TASK OBJECTIVE
Go to the line containing "Europa, Deutschland, Schleswig" in the records below and print it and every following line exactly, on through the line containing "DT-DIATOOL 5 pcs", then stop.

TASK INPUTS

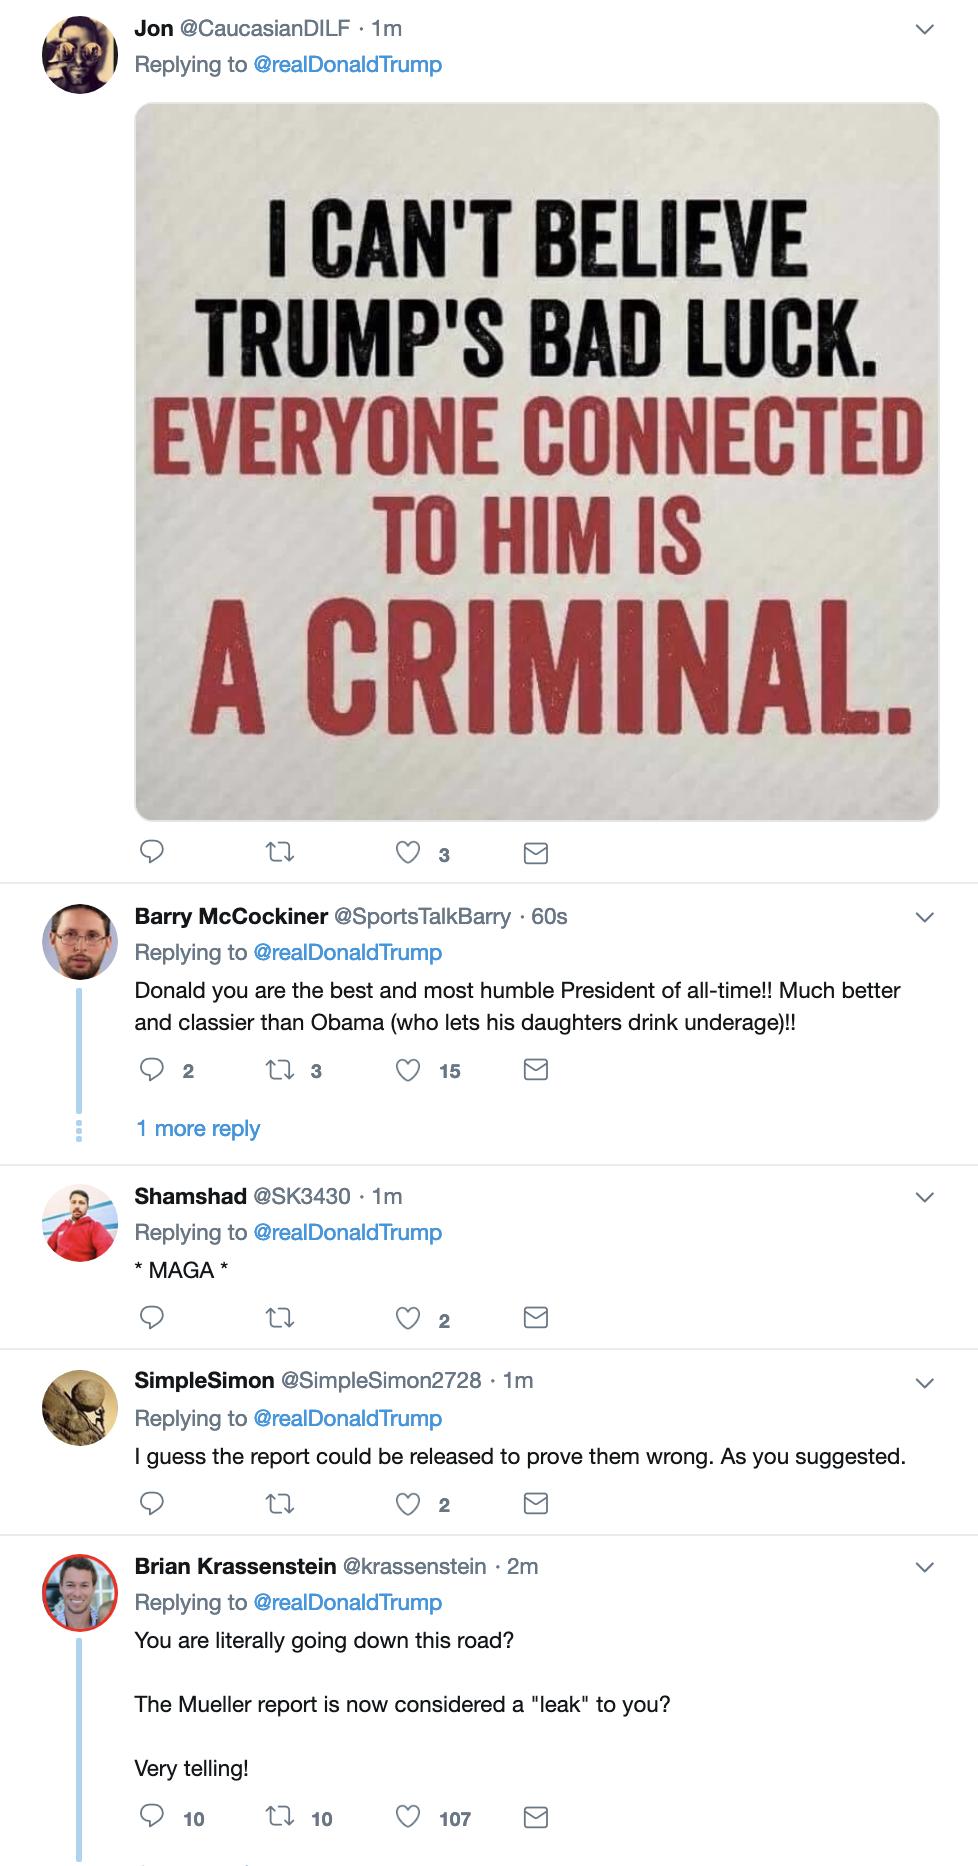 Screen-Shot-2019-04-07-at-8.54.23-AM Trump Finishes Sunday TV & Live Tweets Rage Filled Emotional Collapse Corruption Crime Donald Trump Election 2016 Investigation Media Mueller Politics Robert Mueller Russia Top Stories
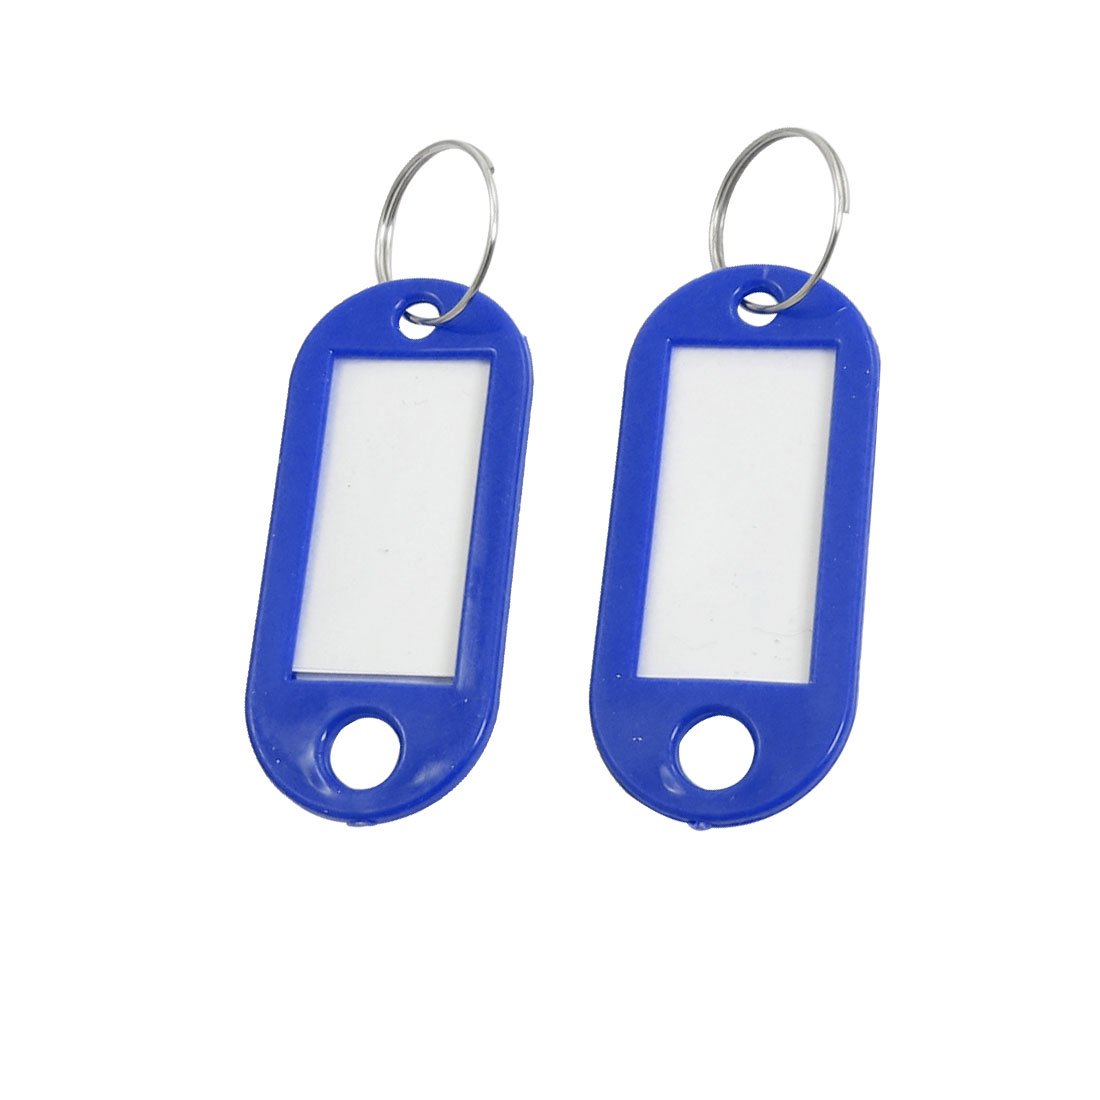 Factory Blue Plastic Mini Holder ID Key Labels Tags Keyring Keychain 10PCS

---

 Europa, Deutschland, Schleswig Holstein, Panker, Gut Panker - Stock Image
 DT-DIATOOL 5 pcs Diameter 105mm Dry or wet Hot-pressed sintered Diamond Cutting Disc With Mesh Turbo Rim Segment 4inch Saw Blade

RESPONSE TO THE TASK
 Europa, Deutschland, Schleswig Holstein, Panker, Gut Panker - Stock Image
 DT-DIATOOL 5 pcs Diameter 105mm Dry or wet Hot-pressed sintered Diamond Cutting Disc With Mesh Turbo Rim Segment 4inch Saw Blade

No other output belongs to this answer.